The painting was handed over to the Art Museum of Estonia – at that time, the Tallinn State Art Museum –in 1955 by the permanent representation of the Estonian SSR in Moscow (Fig.1 - the identification number of the Embassy). Before the establishment of Soviet rule, the Embassy of the Republic of Estonia, which previously owned the painting, had been located in the same building. The embassy acquired the painting in 1939-40 from Albert Org, a former state official. Org came into possession of the painting in 1920-1, at which time he was chairman of the committee for repatriation in Petrograd. While owned by Org, the Tallinn painting remained in the Estonian Consulate General in Leningrad between 1920 and 1930 (Fig.2)  from where it was moved to Moscow.

Information regarding the Tallinn painting’s previous whereabouts is scant, but pieces of an Italian-language newspaper on the back of the painting, which were revealed in the course of the 1999 conservation work, suggest the painting was in Italy during the second half of the nineteenth century [Fig. 3 - fragment of the Italian-language newspaper].

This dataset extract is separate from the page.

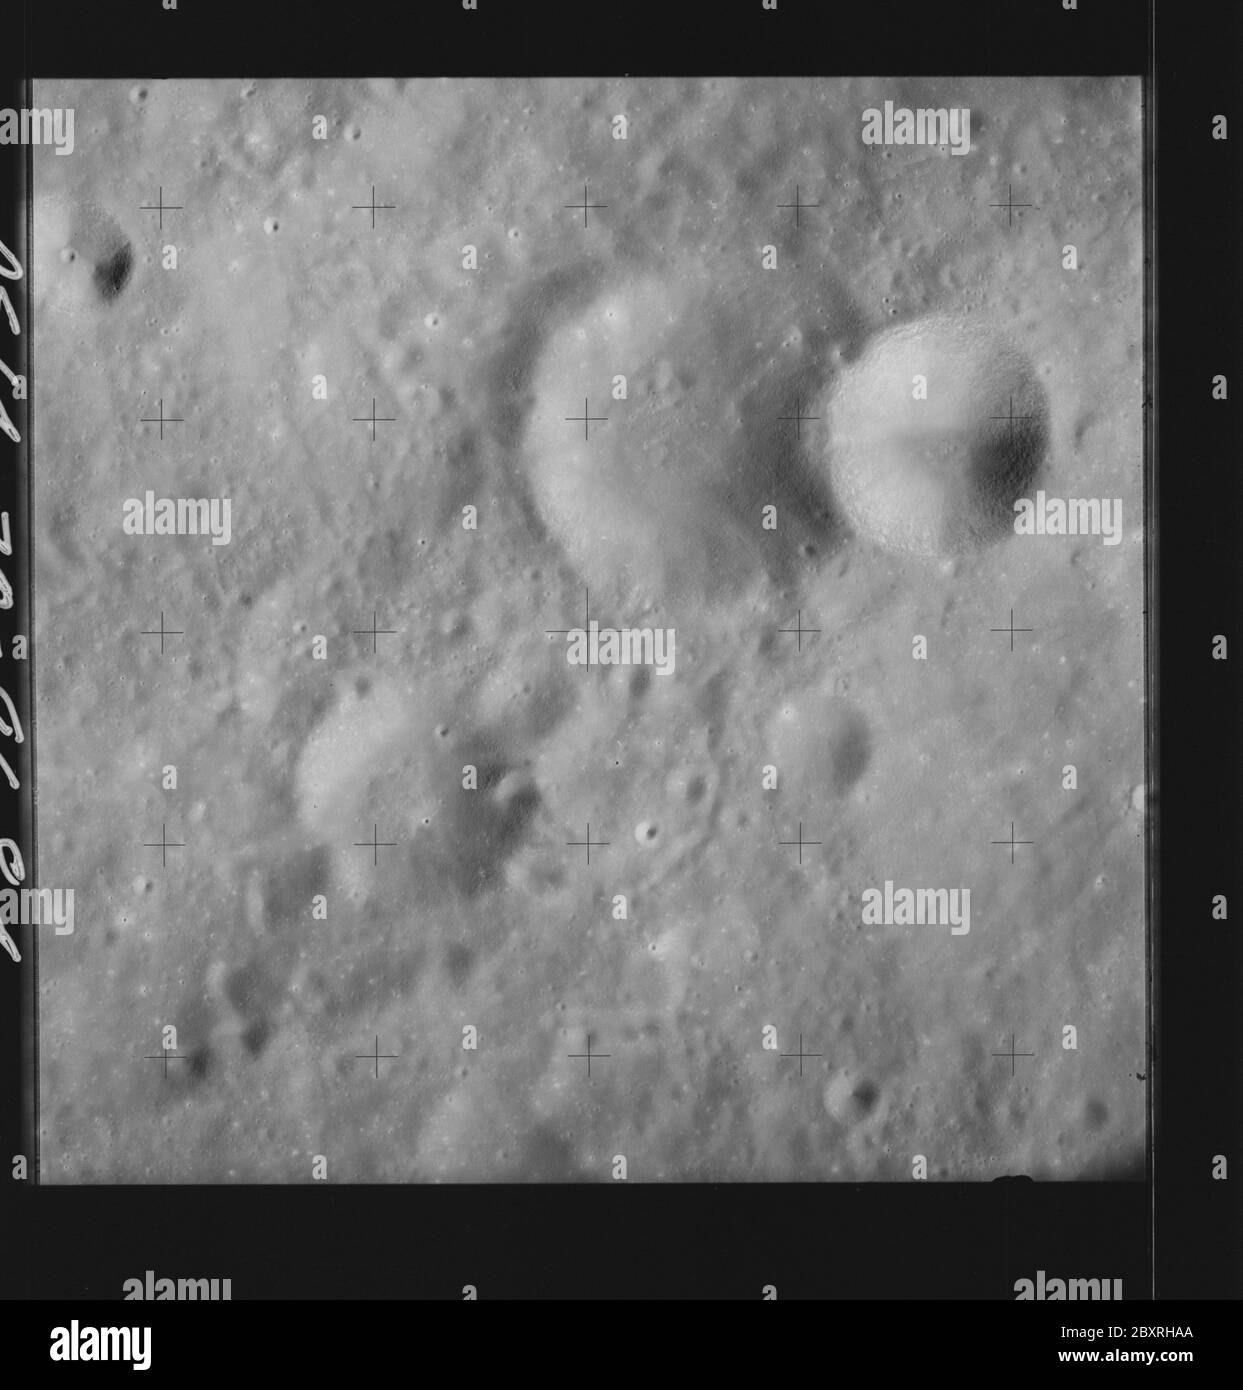 AS14-70-9684 - Apollo 14 - Apollo 14 image de la mission - vue de la surface lunaire au sud-est du cratère d'Einthoven.; portée et contenu: La base de données originale décrit ce qui suit: Description: Vue de la surface lunaire au sud-est du cratère d'Einthoven. Des images ont été prises sur la Révolution 26 de la mission Apollo 14. Le magazine original a été étiqueté Q, le type de film était 3400BW (Panatomic-X, noir et blanc), objectif de 80 mm avec une élévation du soleil de 28 degrés. L'échelle de photo approximative était de 1:1,380,000. La latence du point principal était de 7,5S par Longitude 111.5E, avec une inclinaison verticale de la caméra. Descripteurs : Apollo 14 en bateau Banque D'Images

The Tallinn painting is the most detailed of the four known versions of the composition, yet the painting has figured the least in the field of international art history. This is for understandable political reasons – under the conditions of a closed society throughout the twentieth century, the repute of the painting was confined to the borders of the Soviet Union.[1] In 2001, the painting was exhibited at an extensive Hieronymus Bosch exhibition at the Museum Boijmans van Beuningen in Rotterdam, and was thereby reintegrated into the Bosch art legacy.[2]

 

 


[1]Ю. И. Кузнецов, ЗападноевропейскаяживописьвмузэяхСССР, Ленинград, 1967.

[2]Koldeweij, Vandenbroeck & Vermet, 2001.